## TASK DIRECTIONS
Apart from the pictures, print the data below exactly as given.

## DATA PROVIDED
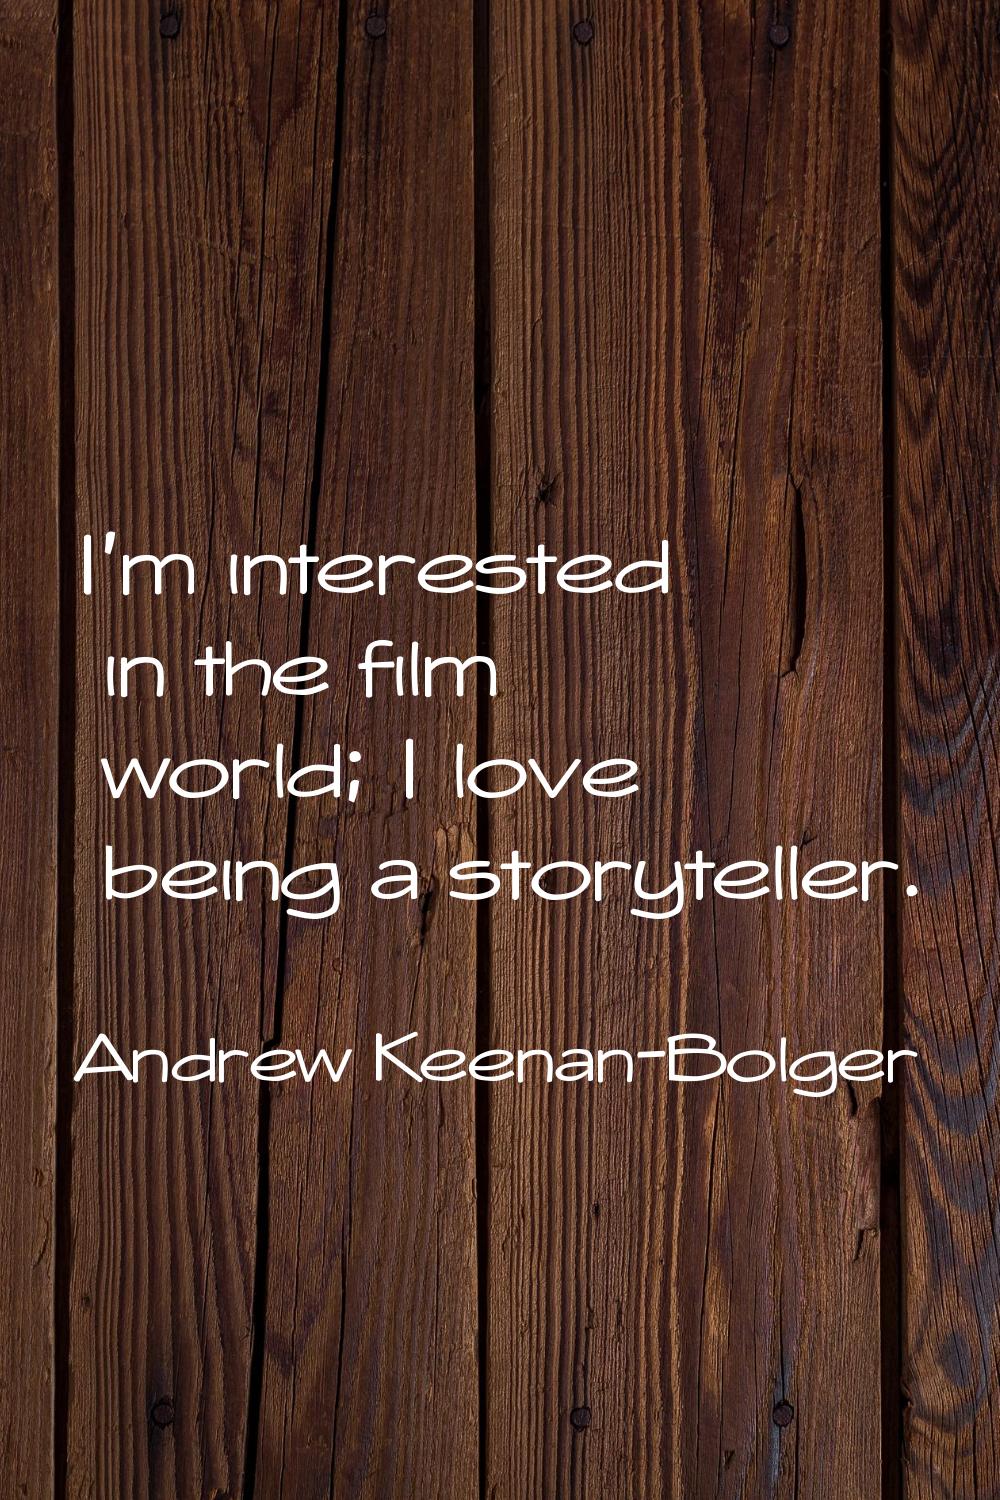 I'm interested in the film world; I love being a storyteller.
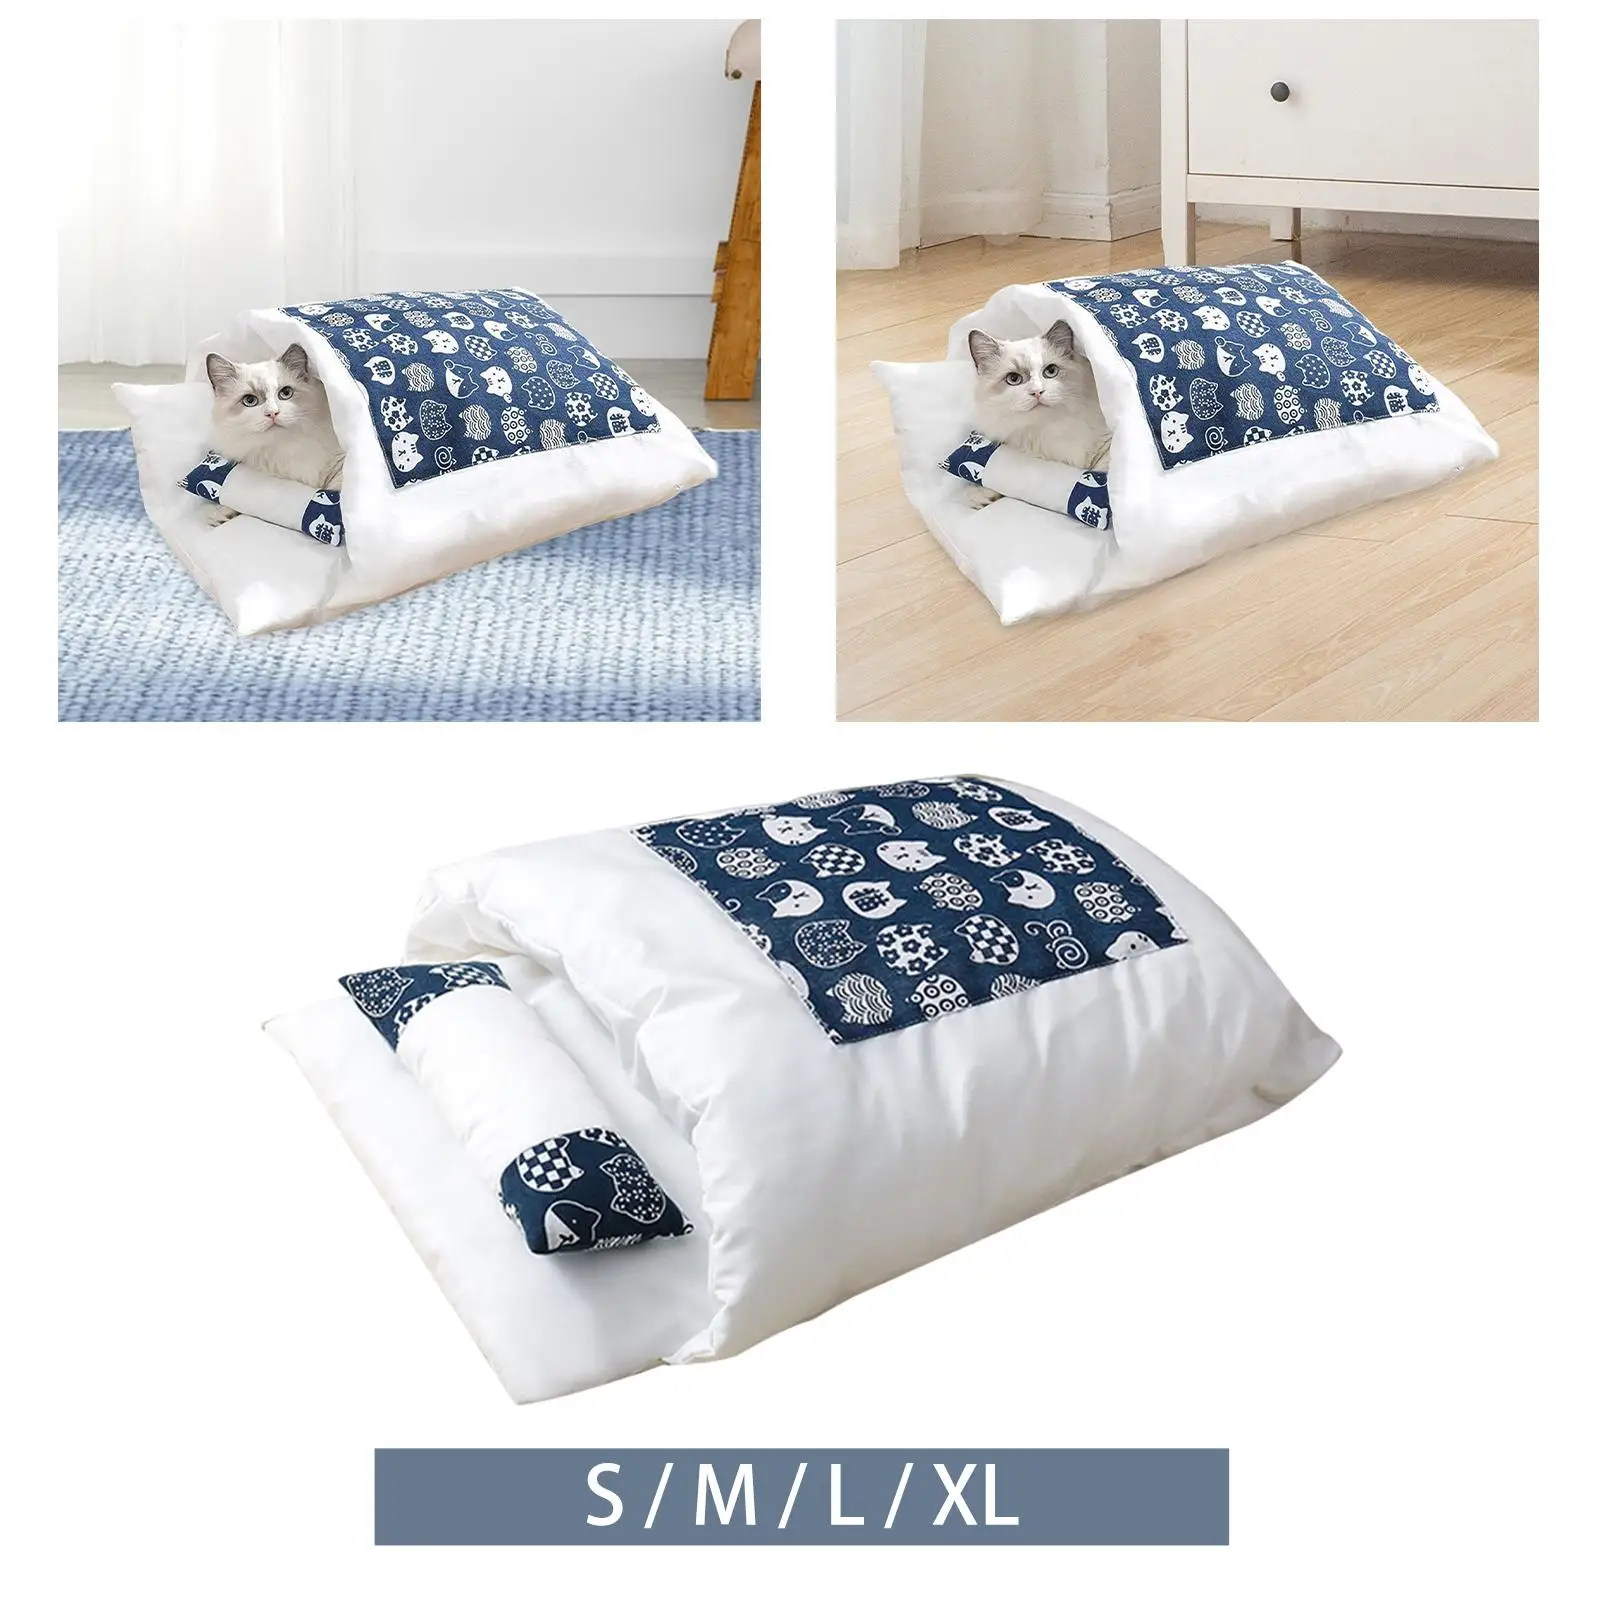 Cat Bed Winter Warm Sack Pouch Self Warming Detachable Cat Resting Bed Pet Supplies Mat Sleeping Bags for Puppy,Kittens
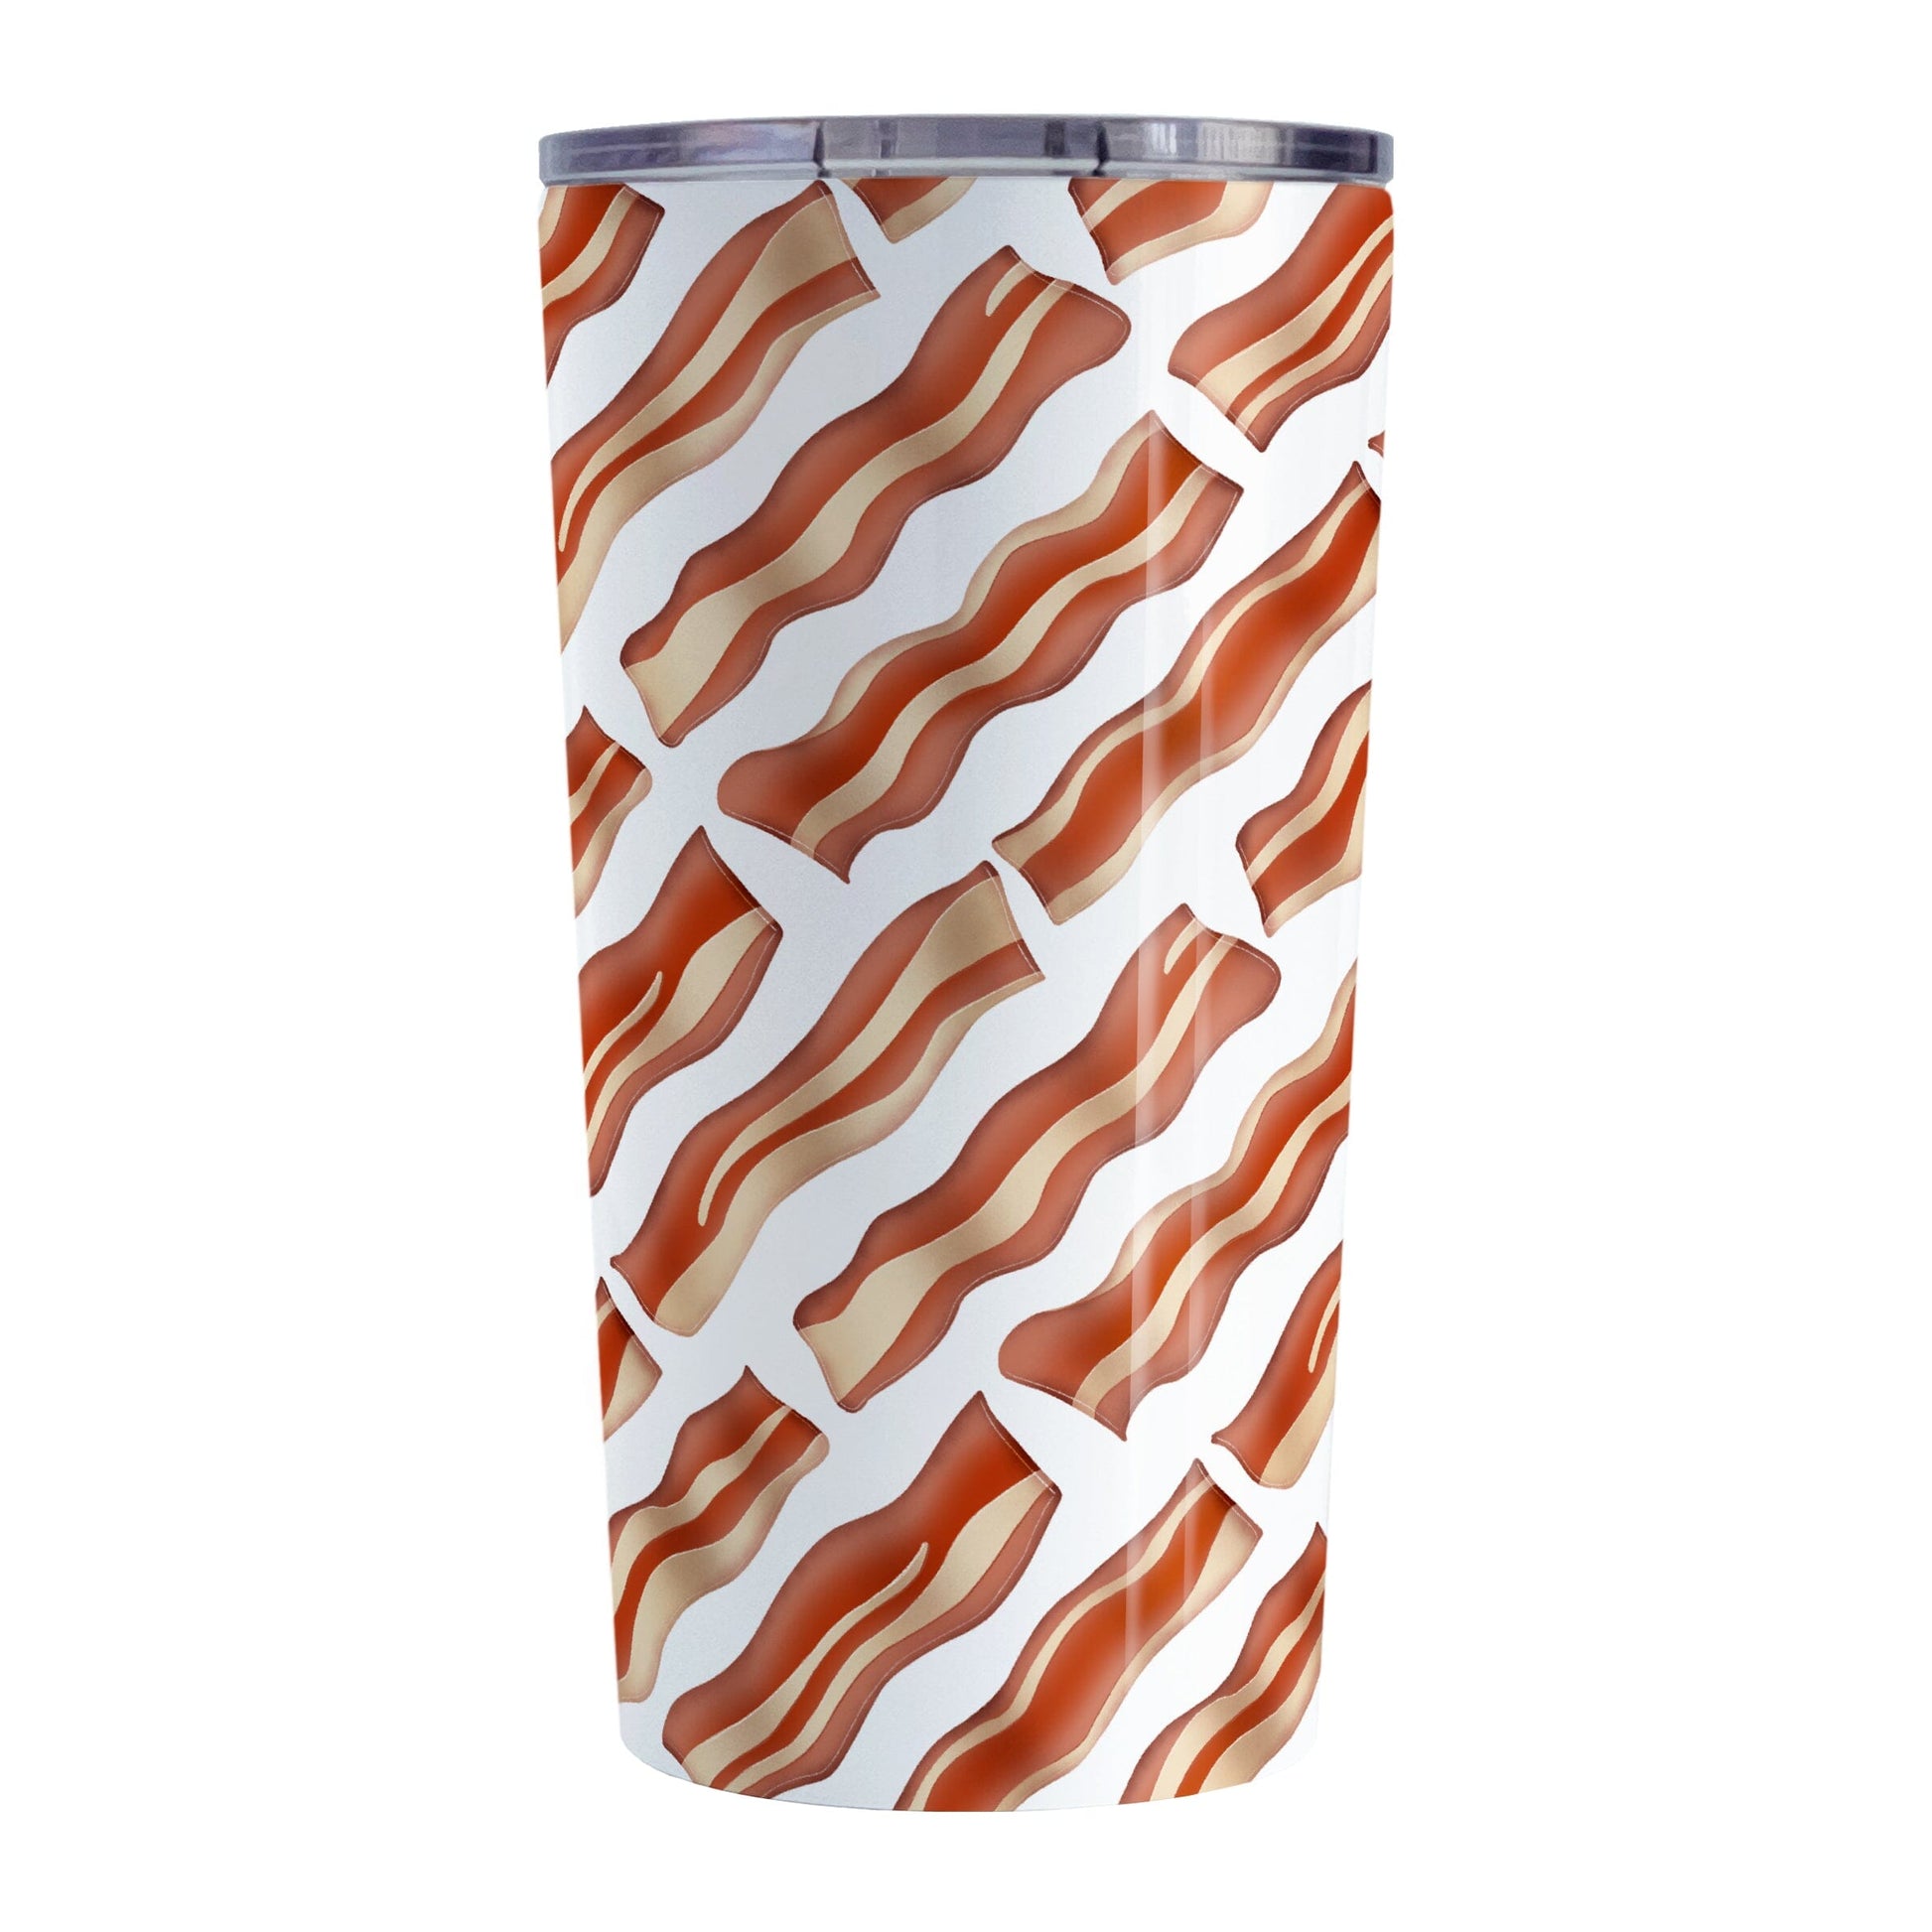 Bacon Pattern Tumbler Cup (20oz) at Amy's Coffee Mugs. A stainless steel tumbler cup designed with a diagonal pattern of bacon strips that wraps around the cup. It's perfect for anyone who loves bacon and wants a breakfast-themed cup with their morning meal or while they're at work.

## WRITTEN ANSWER
 I'm interested in the film world; I love being a storyteller.
 Cat Bed Winter Warm Sack Pouch Self Warming Detachable Cat Resting Bed Pet Supplies Mat Sleeping Bags for Puppy,Kittens
 Bacon Pattern Tumbler Cup (20oz) at Amy's Coffee Mugs. A stainless steel tumbler cup designed with a diagonal pattern of bacon strips that wraps around the cup. It's perfect for anyone who loves bacon and wants a breakfast-themed cup with their morning meal or while they're at work.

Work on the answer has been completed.